Forget what Mom said about refusing rides from strangers. With gas prices skyrocketing, hopping into a random car might be one of your cheaper and greener commuting options. It’s how thousands of people in cities like Washington, DC; Berkeley, California; and Houston, Texas, get to and from work every day. Drivers pull up to a pickup point, and ride-seekers hop in the first car heading near their destination. The system, called “slugging” in DC (after the name bus drivers give passengers who use fake, or slug, coins to steal rides), started in the ’70s when the government introduced high-occupancy vehicle (HOV) lanes. Drivers cruise the fast lane, “slugs” get a free ride and everyone spends less time in traffic.

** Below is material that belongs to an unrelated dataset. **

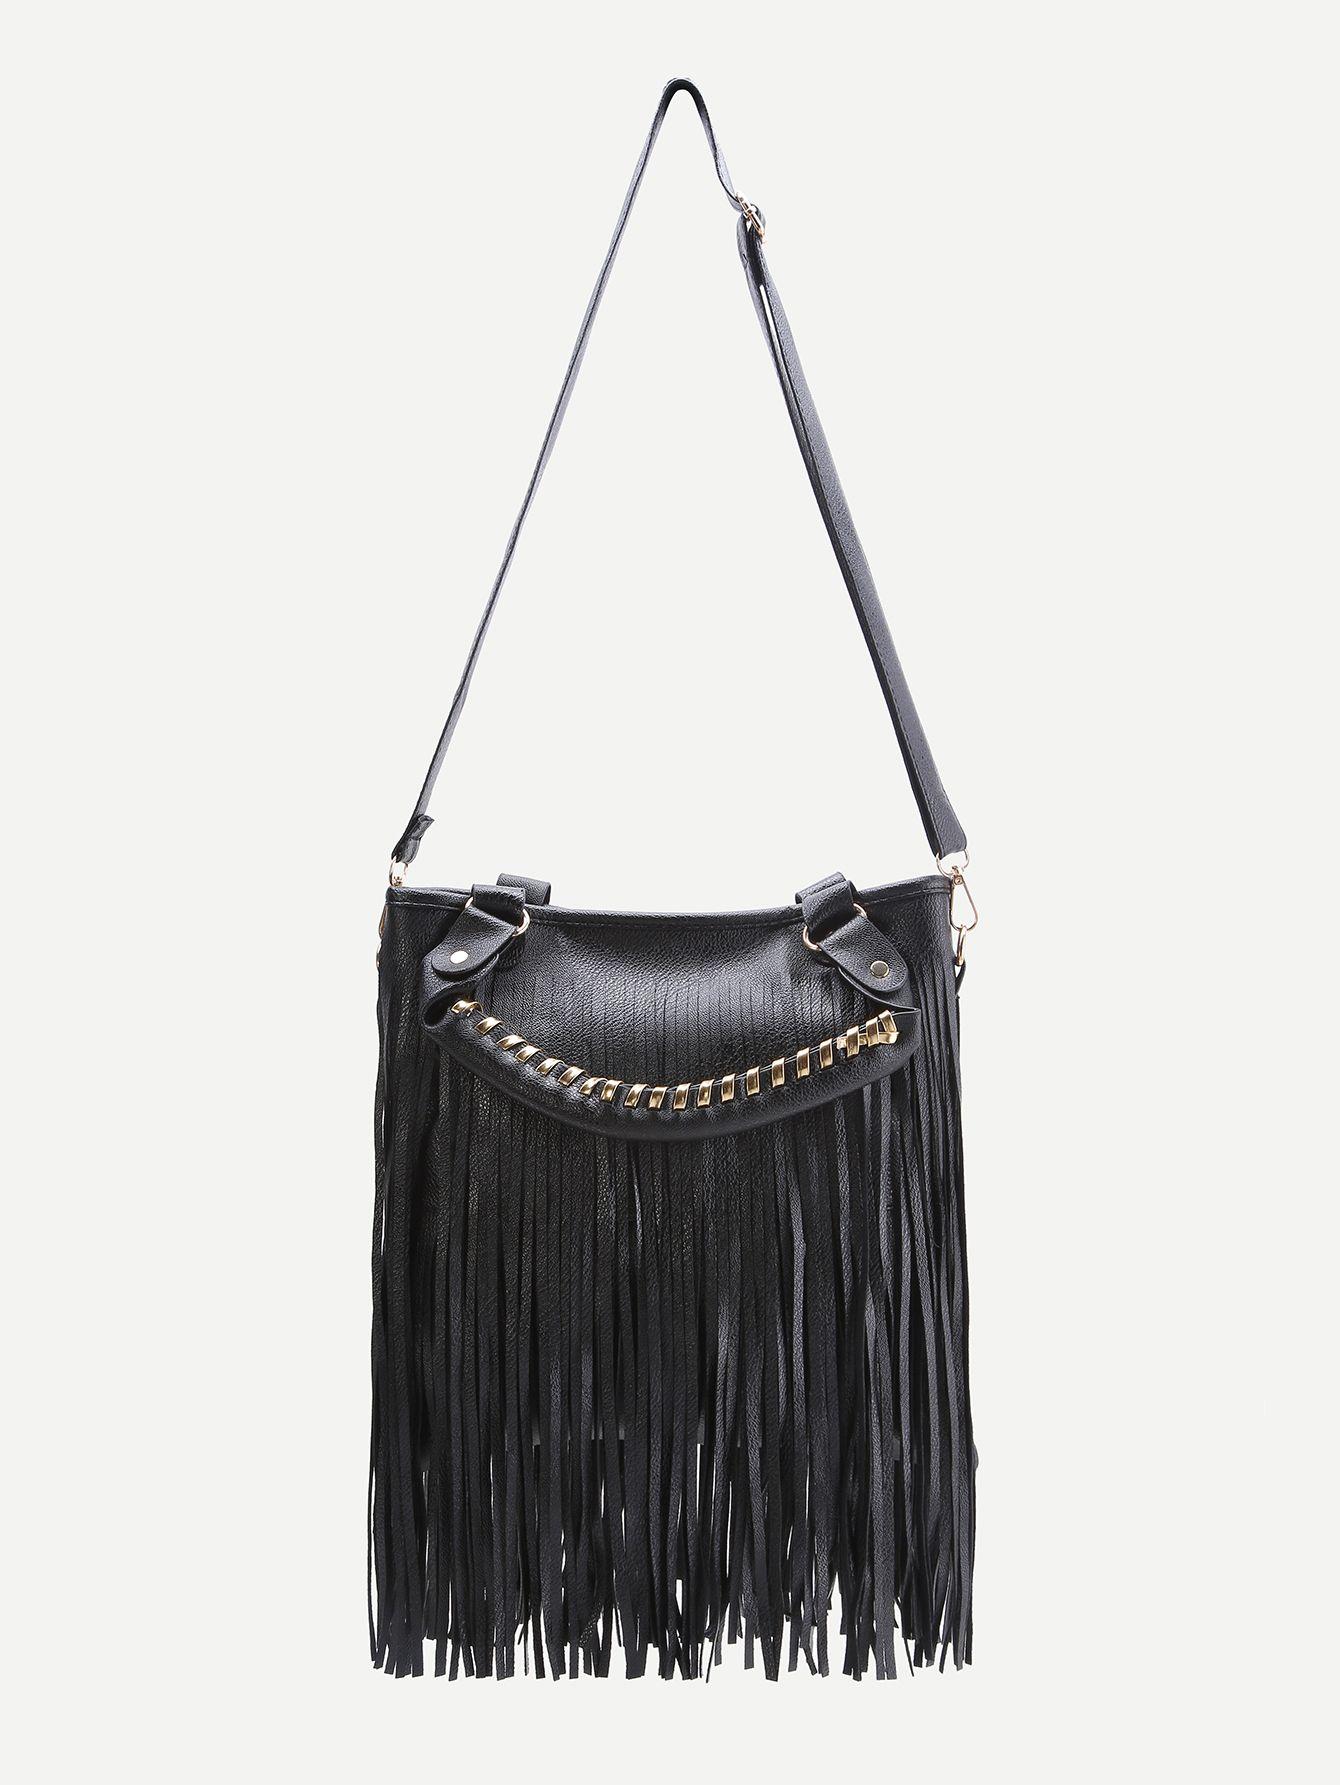 Black Fringe Design Shoulder Bag With Handle

There are unspoken rules, of course— slugs may not initiate conversation, or ask for a radio station change or temperature adjustment. Drivers can’t ask for money, and a gentleman slug never leaves a lady alone in the pickup line.

Eco as it seems, slugging has drawn some controversy. Naysayers complain that on the emissions scale, ridesharing isn’t as green as taking public transit, and slugging may put bus and train passengers back on the road. Among slugs, hybrids have a bad rep because many are exempt from HOV lane regulations.

Despite the debate, slugging is an important step away from the American auto dream—every driver cruising alone in a huge, impregnable car—toward greener driving based on sharing. “It used to be just about saving money and time,” says slug Lynne McCune. “But now more and more people are looking at it environmentally. I feel like I’m doing my part.”